Wednesday, July 06, 2005



Meditation, in the history of mysticism, has been called "interior prayer." For it connects us with the cosmic Mind, the deepest level of the Unconscious. This galaxy of Love, beauty, intelligence, and wisdom exists deeply within your mind. You might recognize that it is Reality, Spirit, or God.

The mystic's God has never been above the clouds, or in outer space. Her God is Love, and exists in inner space.

The mystic worships Love, for "God is Love." So, in her sacred moments, she turns inward, not outward. She has fully outgrown the childish illusion of the "big daddy in the sky."

Ideally, in time, the practice of meditation becomes more and more continuous. Periods of "meditation" (immersion in deepest Mind) become longer and more frequent, until she arrives at a point where she continuously, unbrokenly, seamlessly lives "in God." This is the fulfillment of the words of the mystic Paul, "Pray without ceasing." (1 Thes 5:17)

Of course, her unconscious contact with the great Mind is continuous. It is seamless, but she does not always recognize it every minute of every day. When she reaches the point or level in consciousness where she is completely submerged in the cosmic Mind, however, her recognition of her Unity is also, equally, unbroken. This is the reason that "individual minds" were created or "emanated" by the Creator from Her/His own Mind.

"I come from the Father, and return there," said Jesus. This statement was not just about his death, but his Way of life.

To come back to oneness with the cosmic Mind within, the mystic must work to eliminate much "static." This is caused by the over-activity, which is constant, of her ego-mind (the ordinary, everyday mind that is always thinking and talking to itself).

To quiet this "blah-blah" mind, with all its noise and confusion, many mystics choose a "mantra." This is a simple phrase that is repeated over and over, not as a thought, but to replace ordinary thought. Used often enough, it brings the mystic to a "thoughtfree" condition in which she can be used by the Lovemind. I often recommend a four-syllable phrase, but it can be of any reasonably short length.

An example is a computerkeyboard.
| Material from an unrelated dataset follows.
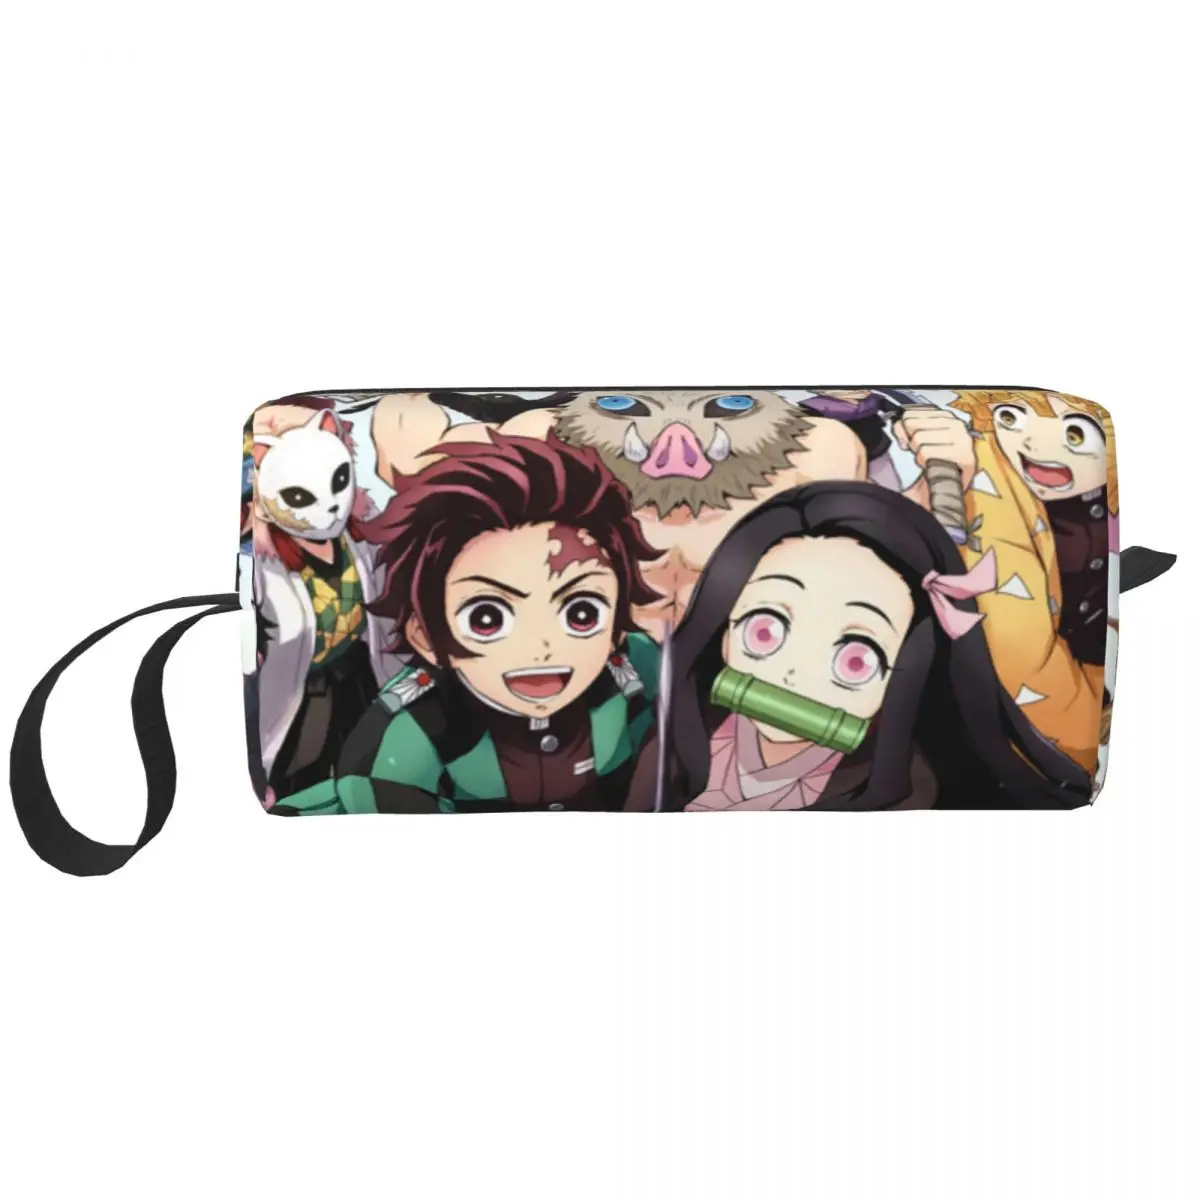 

Kimetsu No Yaiba Demon Slayer Cosmetic Bag for Women Makeup Bags Anime Travel Water Resistant Toiletry Bag Organizer Storage Bag

If the keyboard had its own agenda, if it had messages that it wanted to write onscreen, it would be useless. You could not use it, since it would be already "using itself" to write its messages, so that yours could not "get through."

Our minds are like that keyboard. If they are continuously glutted, filled to the brim, with our own thoughts, desires, and "selftalk," as psychology calls it, there is no room for God (Lovemind) to express. We behave like autonomous keyboards writing (speaking or thinking) their own messages. So, we are essentially useless to the great Communicator of Love.

Meditation is ultimate humility. It is saying "Yes" to God, and it is also saying, "My personal thoughts are so nanoscopic and useless when compared to Thine expressions that I'm going to eliminate the personal so that Thou mayest replace them with Thy thoughts of Love, beauty, intelligence, and wisdom."

In time, the mystic finds deep inner wisdom inside her head. She knows things with absolute certainty, although she avoids dogmatism. She knows some things that she has not learned. Her personality is also revised into one of deepest tranquility, bliss-joy, and Love-compassion. Again, the mystic Paul identified the "fruits of the Spirit" as, "Love, joy, and peace" among others. (Ga 5:22)

The mystic unites with this higher Mind within, and good, loving, compassionate activities are produced by nature--her nature--like fruit is produced by a tree. Goodness does not have to be forced or intellectually manufactured; nor does wisdom. Both are just there, inside her.

It is often said that meditation has no goal. It is true that one should enter the state of meditation without shorterm goals. But the longterm goal of mindclearing is to allow Love to "take over" the mind, bringing joy, satisfaction, and contentment. This core-goal of the enlightened being is impossible without meditation or "prayer." When mystics spoke of the "prayer of silence," they were speaking of meditation. In ordinary prayer, you talk, and God listens. In meditative prayer, God talks and we listen.

Every true form of spirituality has included at least one form of meditation. This is as true of the Love-tradition of Christianity or Judaism as it is of Buddhism.